Its architect was Ibrahimovic, once an outcast at the Camp Nou and always a rogue genius on the pitch.
It's been coming. Fine work from Zlatan, calm finish from Pastore. Multi-million pound goal in the making.— Will Tidey (@willtidey) April 10, 2013
Within seconds, Messi stirred on Barca's bench, only to remain there for a dozen more minutes. First, though, PSG had another chance, with Pastore mishitting his shot wildly. On the other end, Dani Alves blasted a chance into the stands seconds before Messi finally entered in the 62nd minute.
Marc Bartra entered with him, replacing Adriano in the middle of defense, and Barcelona improved quickly.
Andres Iniesta surged into the box before Alex intervened and Pique's shot was blocked seconds later. Salvatore Sirigu then pushed away Iniesta's curling shot after a one-two with David Villa.
The equalizer arrived in the 71st minute, and although Messi wasn't the scorer, he did figure prominently. The Argentine slotted a pass to Villa in the box and Villa picked out Pedro with a simple but devastating back-pass. Pedro rifled his first-time, left-footed shot into the net at the far post.

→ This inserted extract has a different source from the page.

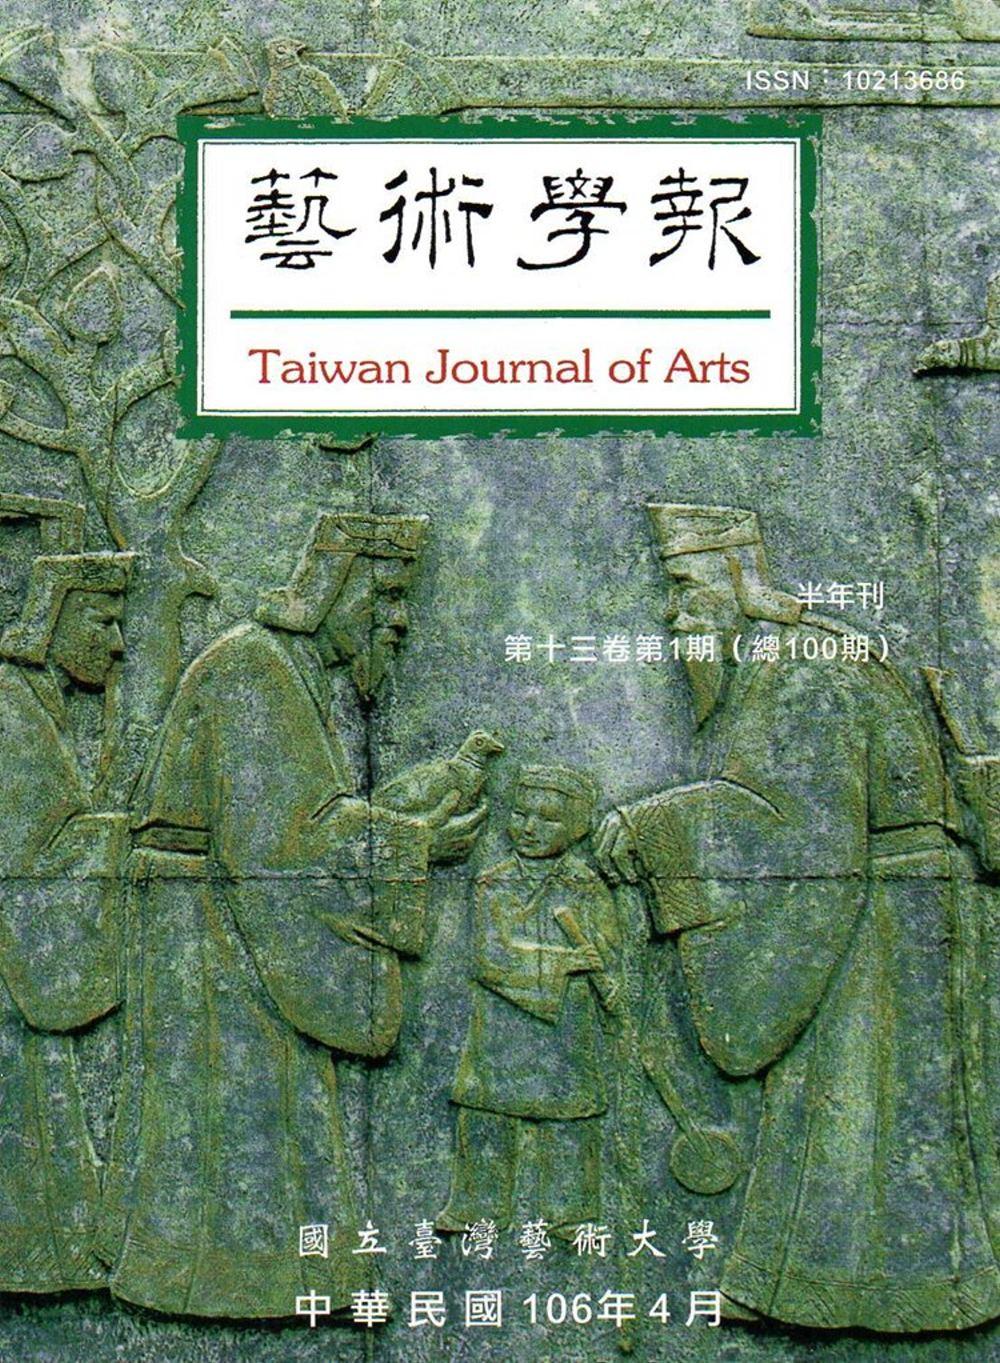 藝術學報13卷1期(總100)半年刊106.04

Vintage Messi-Villa-Pedro connection. Haven't seen the three of them combine like that in a while.— Ravi Hiranand (@RaviCNN) April 10, 2013
Afterwards, PSG were left to wonder what could have been. With several chances in either half, the Ligue 1 leaders had the opportunity and the ability to pull off the upset. But when Messi—even a slightly less-than-fit Messi at that—finally entered, the complexion of the contest changed for good.
Messi, it would seem, needs less than 30 minutes and full health to influence matches at the highest level.